### Work request:
Please output only the lines running from the one that contains "Porsche Taycan Accessories" through the last line of the data below, exactly as they stand, with no pictures.

**** Input for this task ****

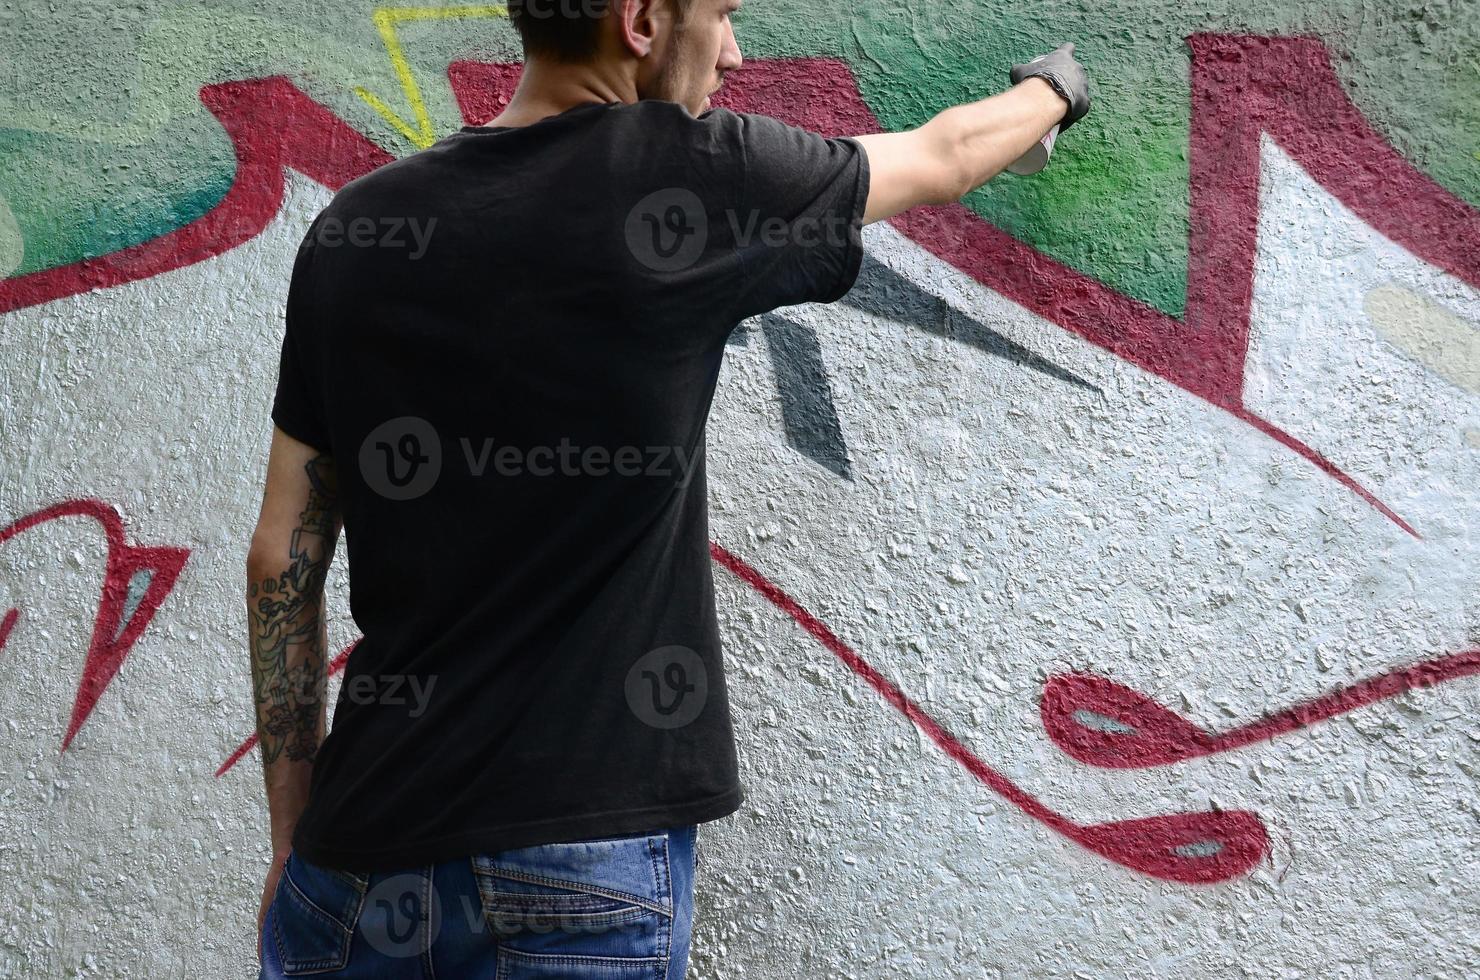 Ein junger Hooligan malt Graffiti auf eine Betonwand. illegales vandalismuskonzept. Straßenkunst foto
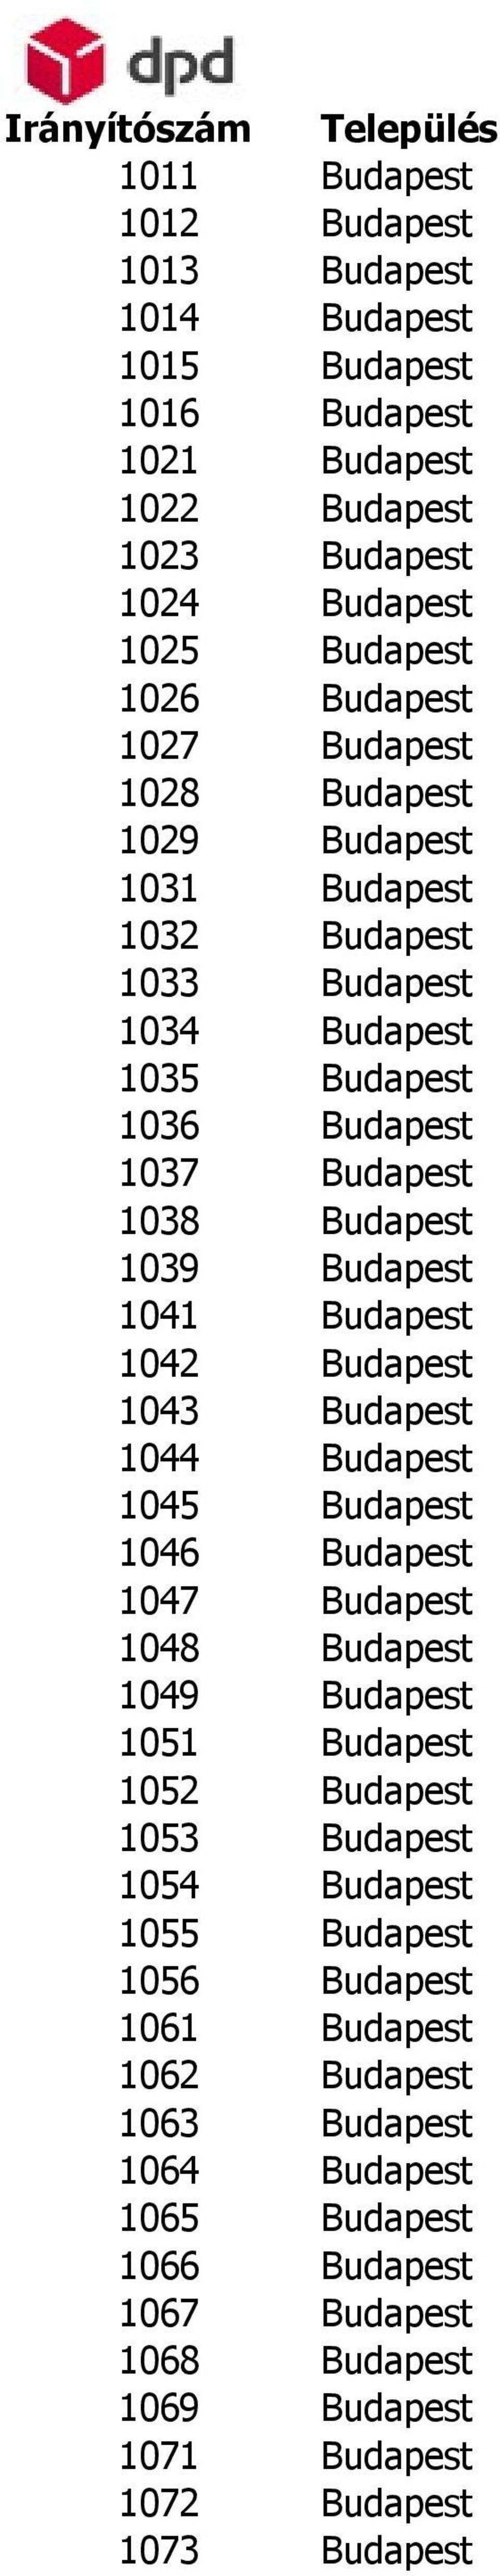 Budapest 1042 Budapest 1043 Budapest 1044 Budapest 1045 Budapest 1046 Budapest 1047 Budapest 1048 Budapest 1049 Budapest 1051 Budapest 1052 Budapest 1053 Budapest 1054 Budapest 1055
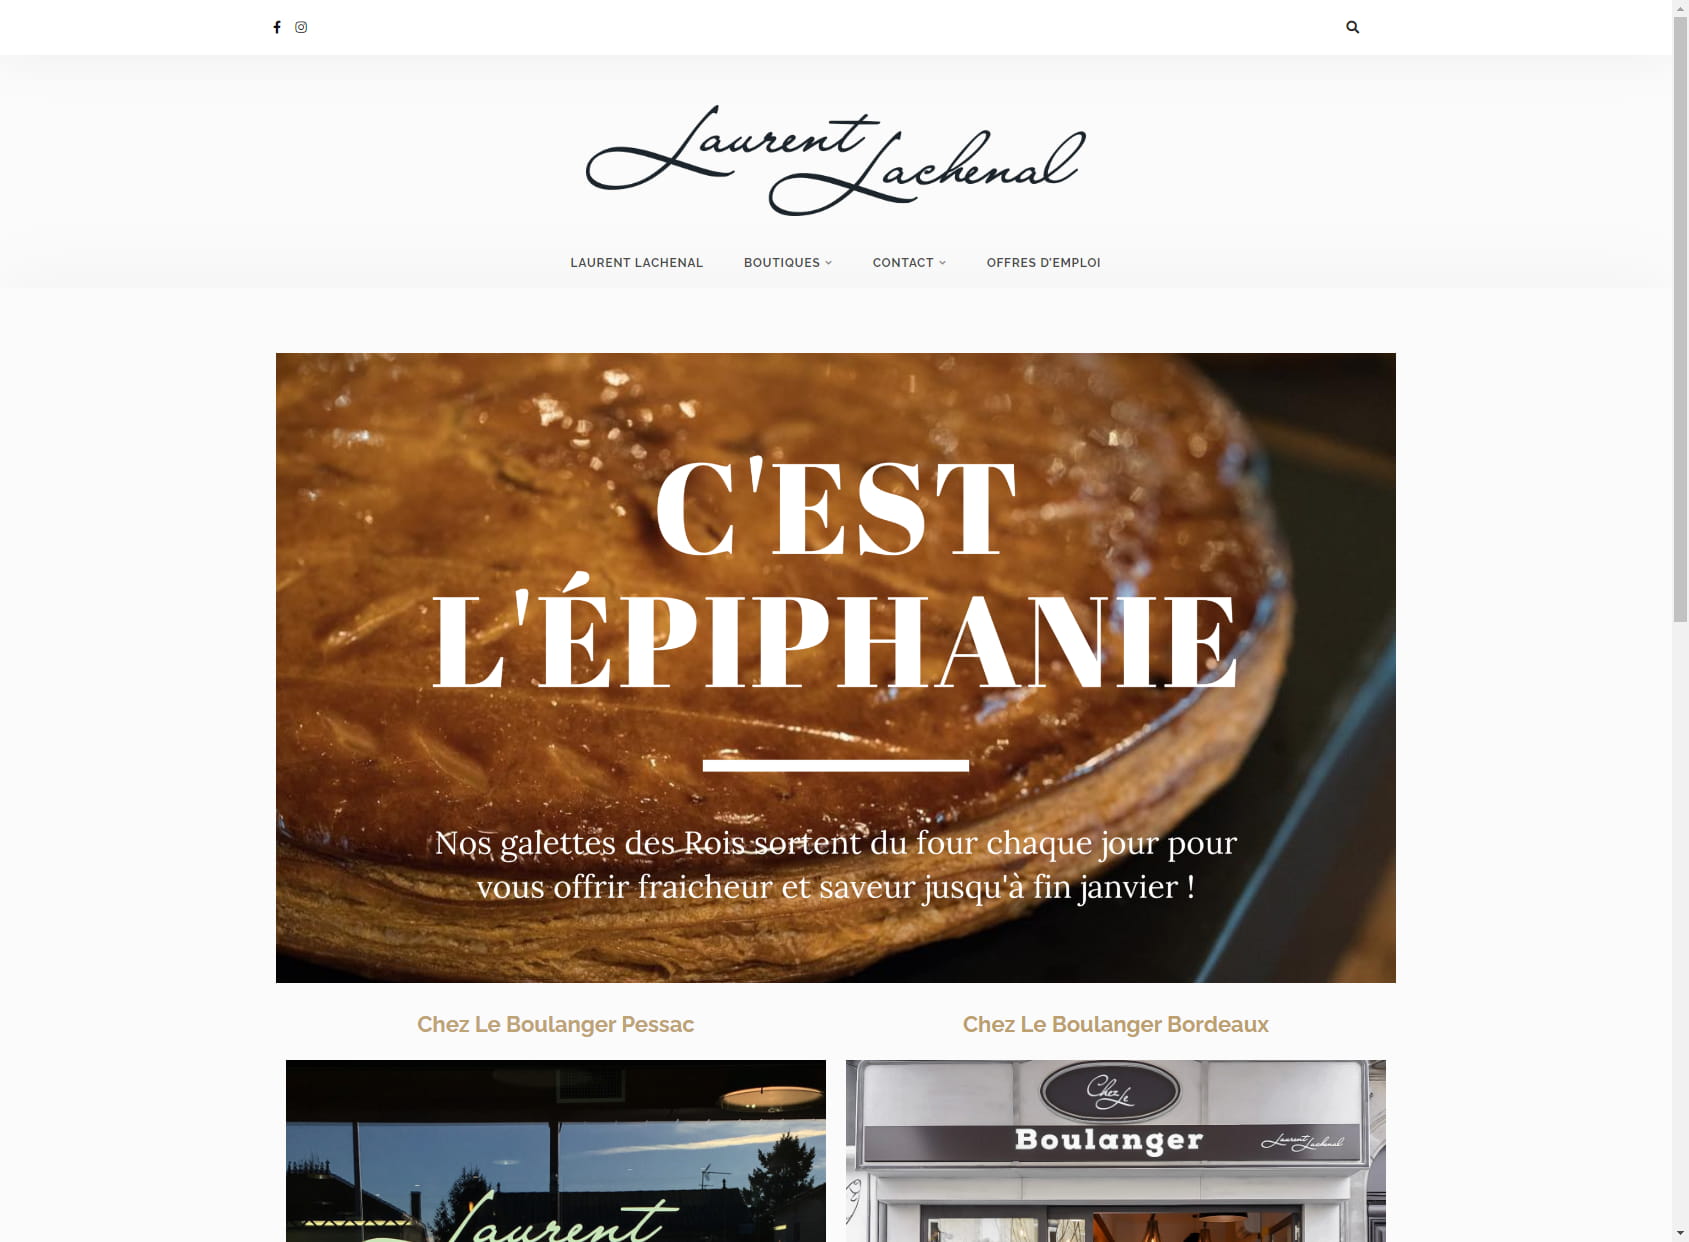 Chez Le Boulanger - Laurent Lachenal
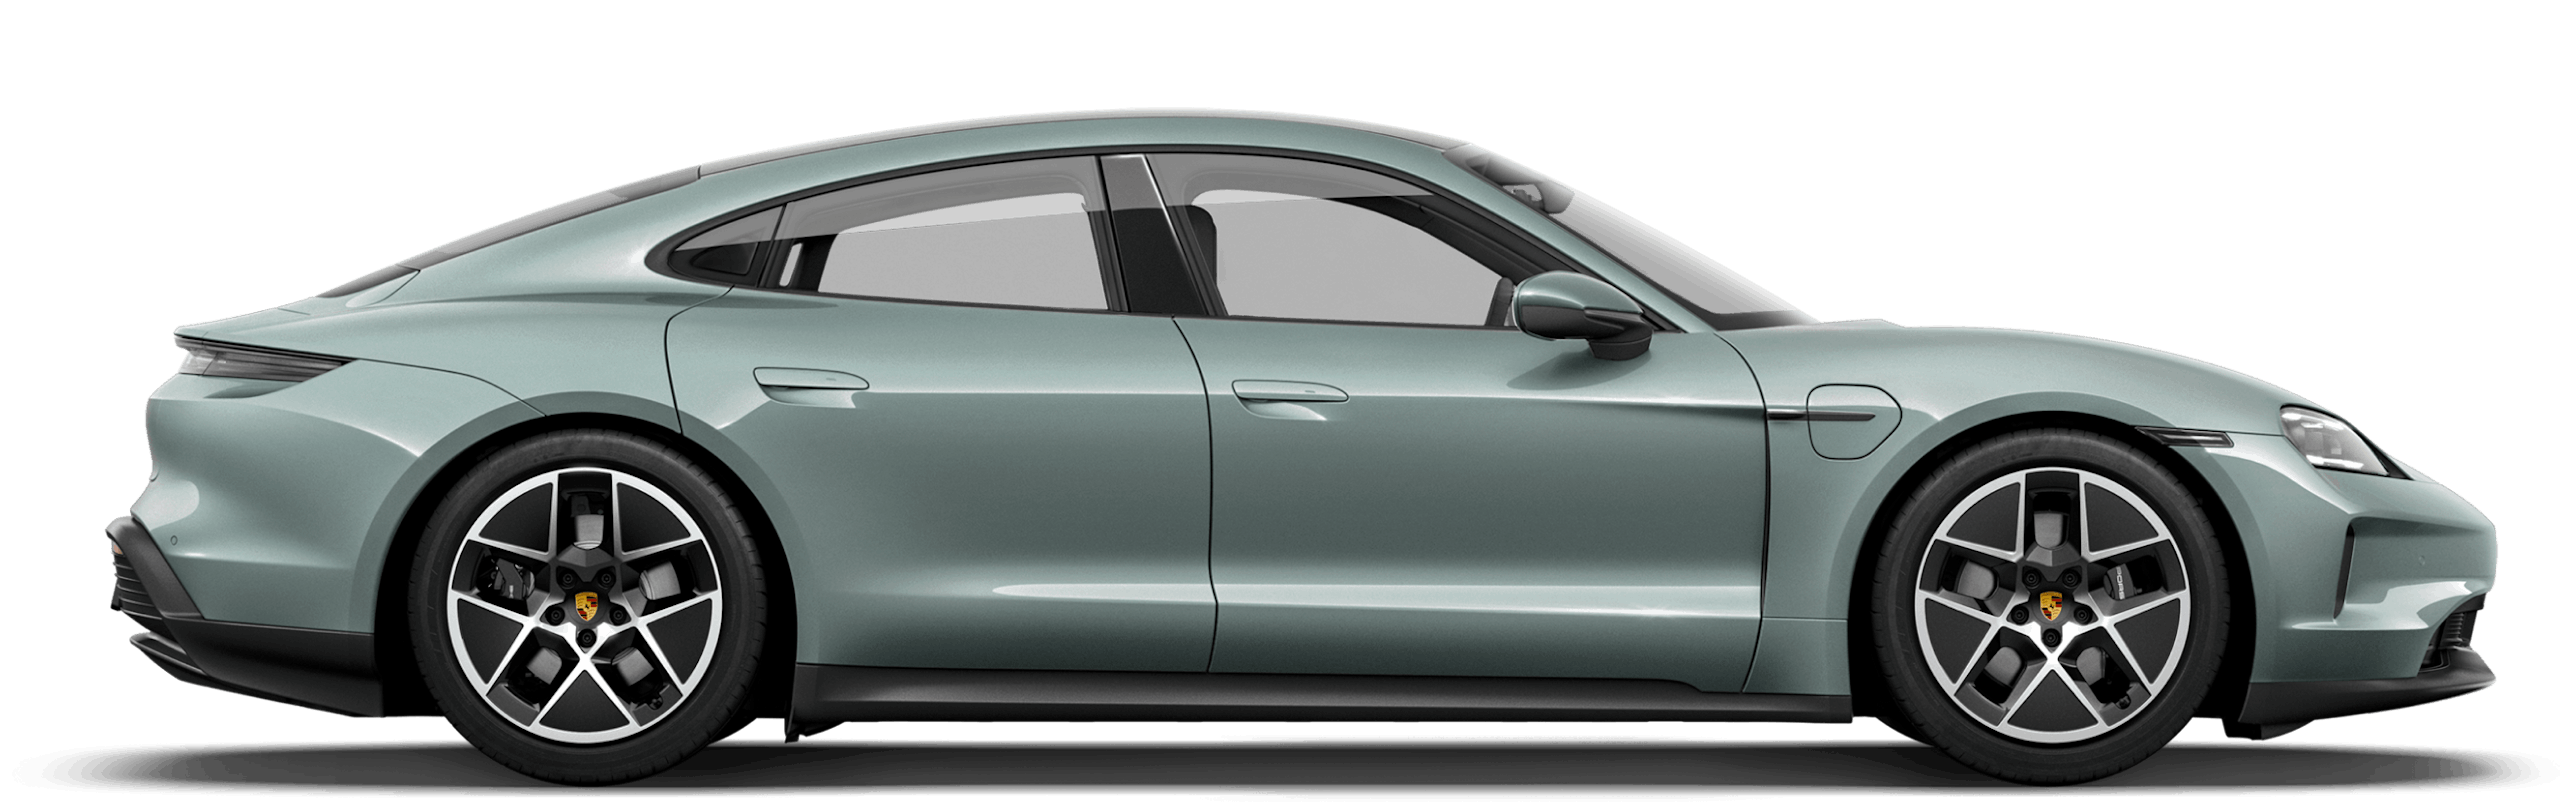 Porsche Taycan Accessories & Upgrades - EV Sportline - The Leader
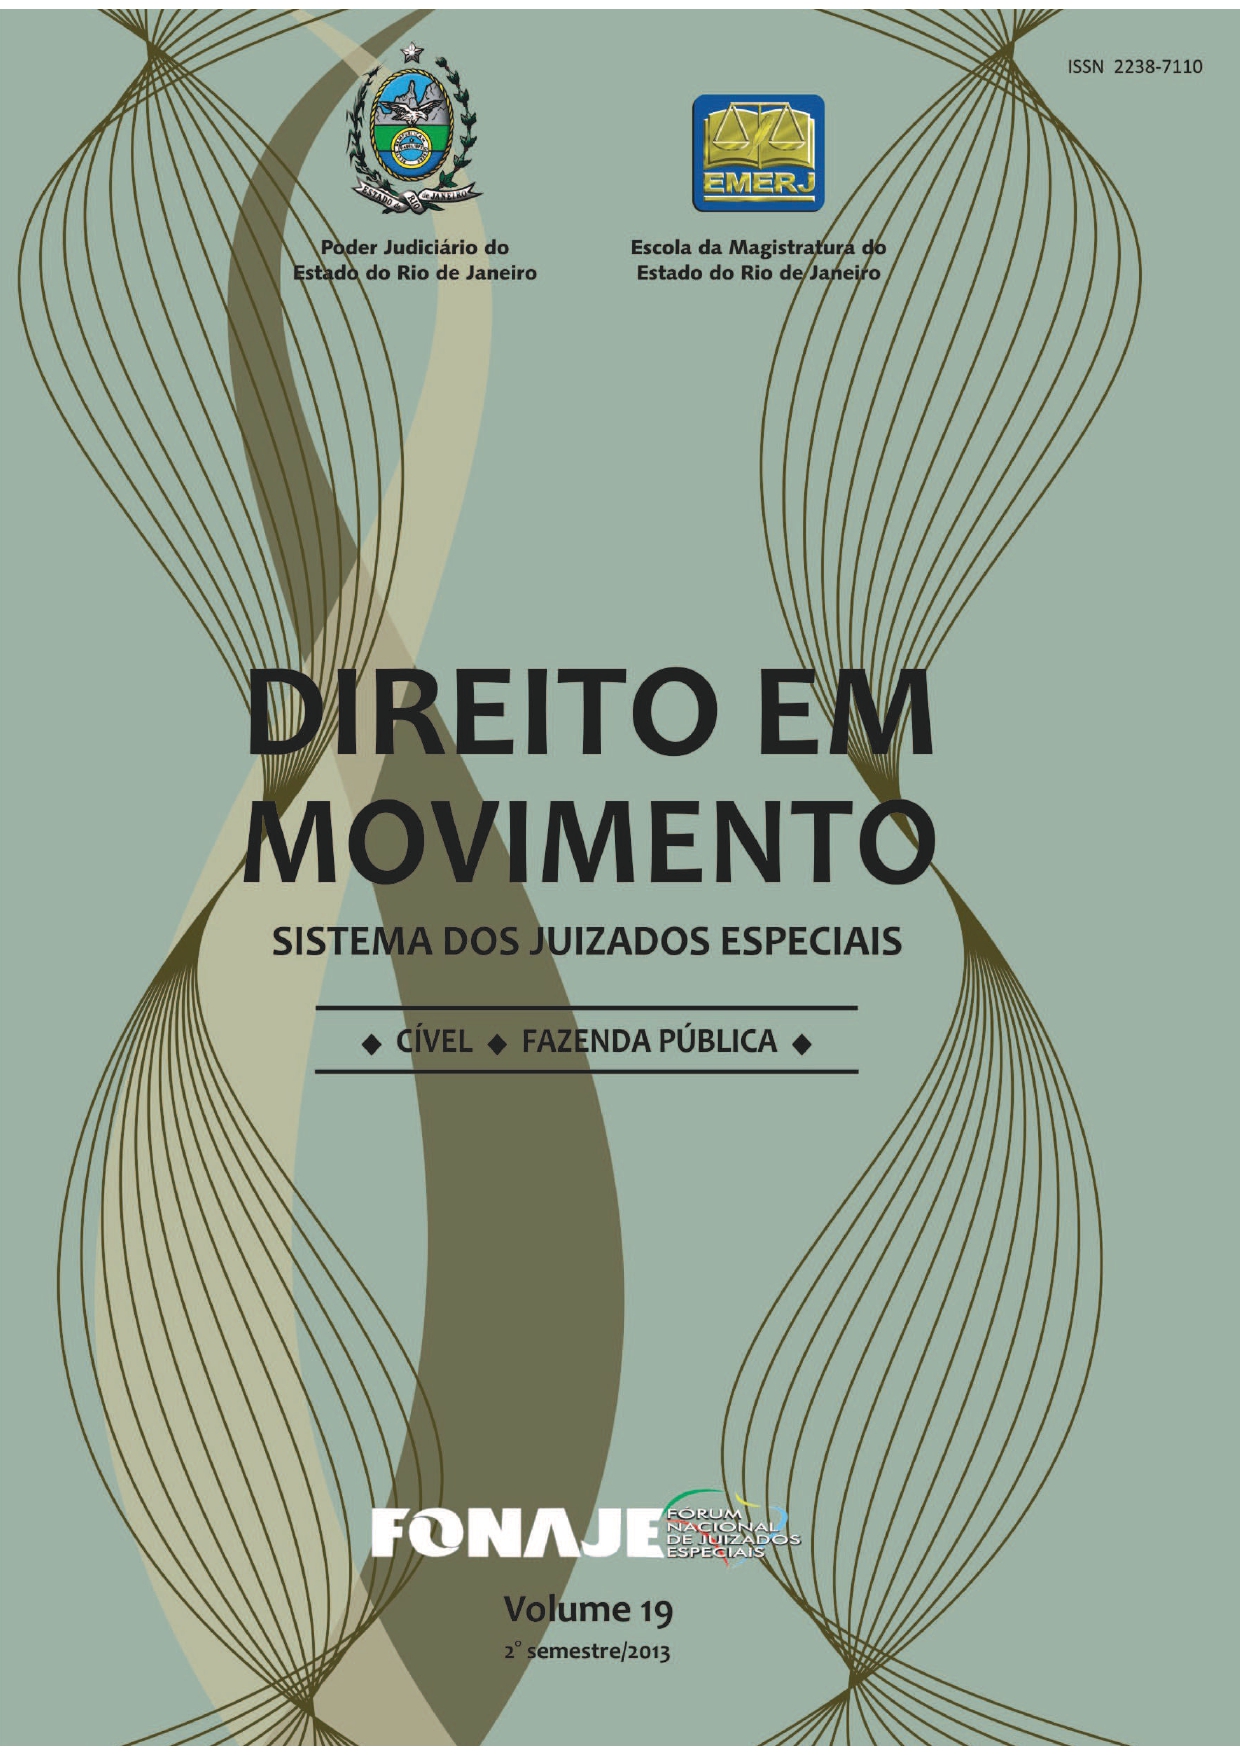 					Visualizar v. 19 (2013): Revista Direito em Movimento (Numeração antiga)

****

### Response to the task:
 Porsche Taycan Accessories & Upgrades - EV Sportline - The Leader
 					Visualizar v. 19 (2013): Revista Direito em Movimento (Numeração antiga)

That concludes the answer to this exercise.